Sticking with the Plan.  CMS declined to follow OIG’s prepayment review recommendation, citing the increased up-front burden on providers, as well as delayed incentive payments.   CMS put it politely, but we couldn’t agree more.  Providers have incurred substantial debt to purchase these EHR systems, and some are throwing up their hands, or worse, in frustration as they make the switch from paper, input so much new data, learn their new systems and try to integrate them with other existing systems.  To delay the incentive payments, which are the carrot to encourage providers to adopt this technology that CMS and the Obama administration so fervently want, especially in the absence of any suspected or proven abuse to date, would be politically untenable, and counterproductive to the worthy goals of HITECH. 

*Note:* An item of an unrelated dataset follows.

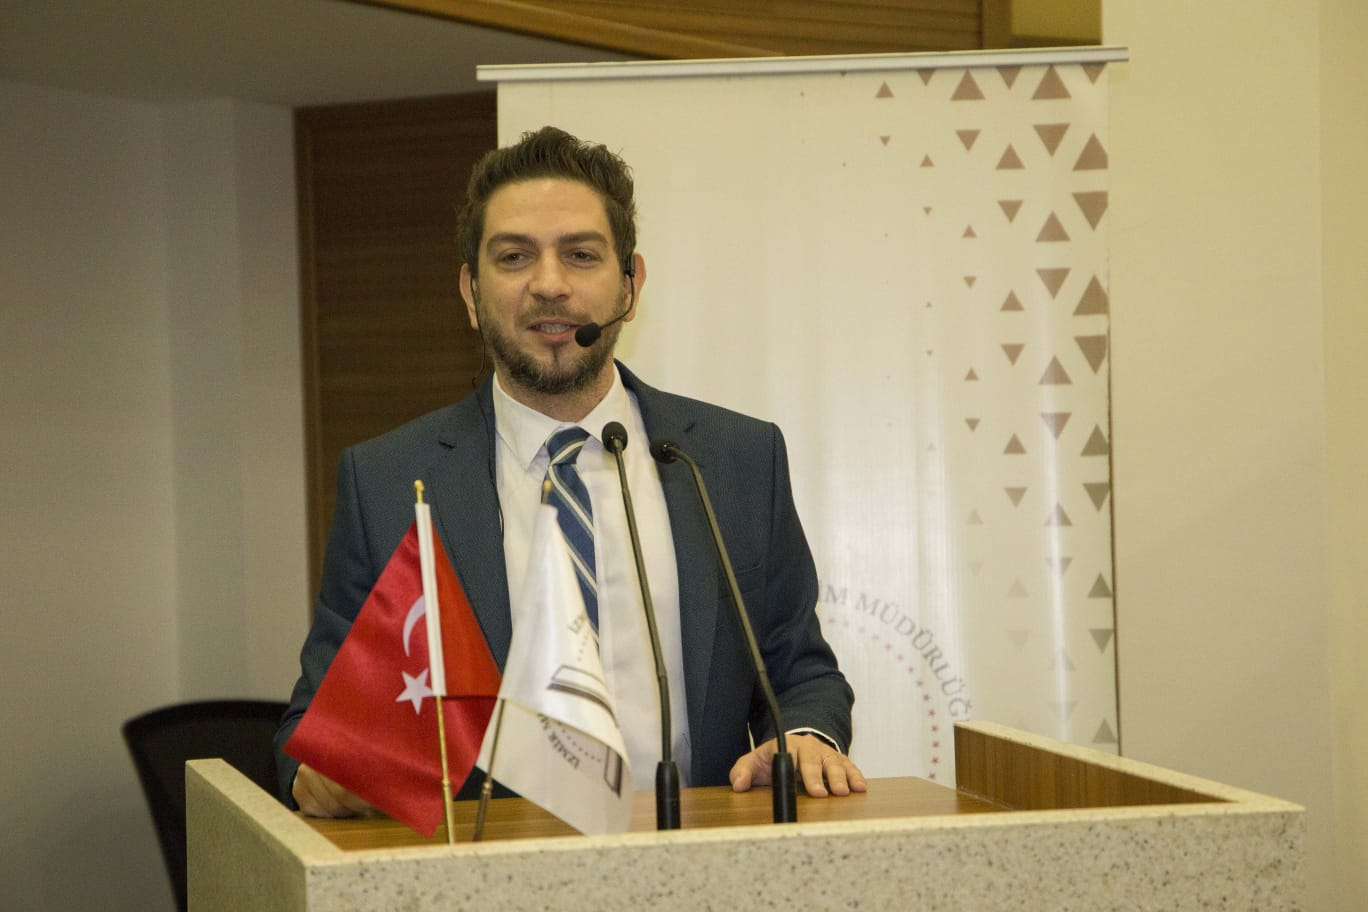 Alp Köksal İzmir İl Milli Eğitim

 Other Recommendations.  CMS did agree with OIG’s other recommendation to issue guidance on the types of documentation it expects providers to maintain to support their compliance with the “meaningful use” requirements, and indicated it would soon be posting a FAQ document on this subject.  OIG recommended that the Office of the National Coordinator for Health Information Technology (ONC) require certified EHR technology to be capable of producing reports for yes/no meaningful use measures, where possible, which is not a current capability in many systems, and that it improve the certification process to ensure accurate EHR reports.  ONC concurred with these two recommendations.

While verification of meaningful use attestations always would have been a possible topic for CMS audits of providers, this OIG assessment of the first year of the EHR Incentive Program may provoke CMS to investigate the topic more closely.  But for now, CMS made a well-considered decision to keep its resources where they are, and not begin a witch-hunt when there is no sign of widespread evil intent.

CMS Issues Interim Final Rule on EHR Certification and Incentives

Margaret Young Levi EHR Certification Standards, Electronic Health Records, Eligible Professional Incentives, Health Information Technology, HITECH Law

On December 7, 2012, the Office of the National Coordinator for Health Information Technology (ONC) and Centers for Medicare & Medicaid Services (CMS) published an interim final rule with comment period to make revisions to the 2014 Edition Electronic Health Record (EHR) and revisions to the EHR Incentive Program.  Specifically, this rule will:

  • Replace the Data Element Catalog (DEC) standard and the Quality Reporting Document Architecture (QRDA) Category III standard adopted in the final rule published on September 4, 2012 with updated versions of those standards.
  • Revise the Medicare and Medicaid EHR Incentive Programs by adding an alternative measure for the Stage 2 meaningful use (MU) objective for hospitals to provide structured electronic laboratory results to ambulatory providers, correcting the regulation text for the measures associated with the objective for hospitals to provide patients the ability to view online, download, and transmit information about a hospital admission, and making the case number threshold exemption for clinical quality measure (CQM) reporting applicable for eligible hospitals and critical access hospitals (CAHs) beginning with FY 2013.
  • Provide notice of CMS’s intention to issue technical corrections to the electronic specifications for CQMs released on October 25, 2012.

This interim final rule will be effective January 5, 2012.